Bottom line: IV contrast administration was not associated with increased incidence of AKI, new CKD, need for dialysis or need for renal transplant.
Poll at the end of the evening: after evaluating these studies, overall attendings feeling more comfortable ordering needed CT scans with IV contrast on patients with GFRs down to around 35. For potential life threatening diagnoses, attendings consistently support giving contrast (trauma, dissection). Protection? Data are all over the place, but most attendings will give IVF.

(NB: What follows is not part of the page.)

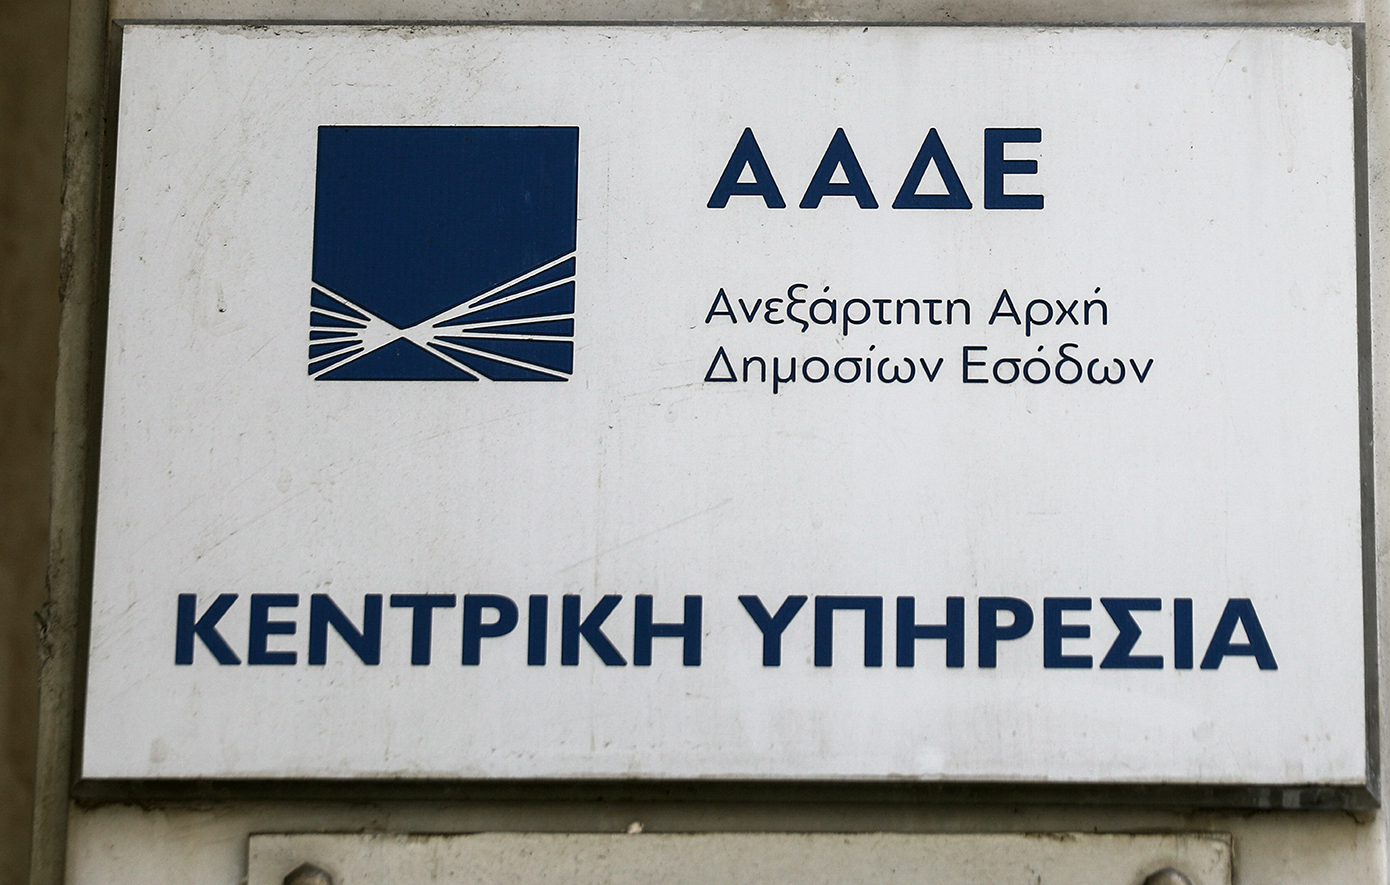 ΑΔΑΕ: Αποφάσισε πλήρη συμμόρφωση με την απόφαση του ΣτΕ για την παρακολούθηση Ανδρουλάκη

Journal Club bottom line: Understanding of CIN has been complicated by reliance on studies predating the use of low/iso-ismolar contrast, and extrapolation from arterial angiographic studies. These current 3 well done studies challenge the notion that IV contrast administration for CT scans is a risk for AKI, emergent dialysis, and short term mortality. A large prospective study is required to definitively end this controversy, but this literature supports using IV contrast when medically indicated, even in patients with chronic kidney disease, diabetes, and CHF.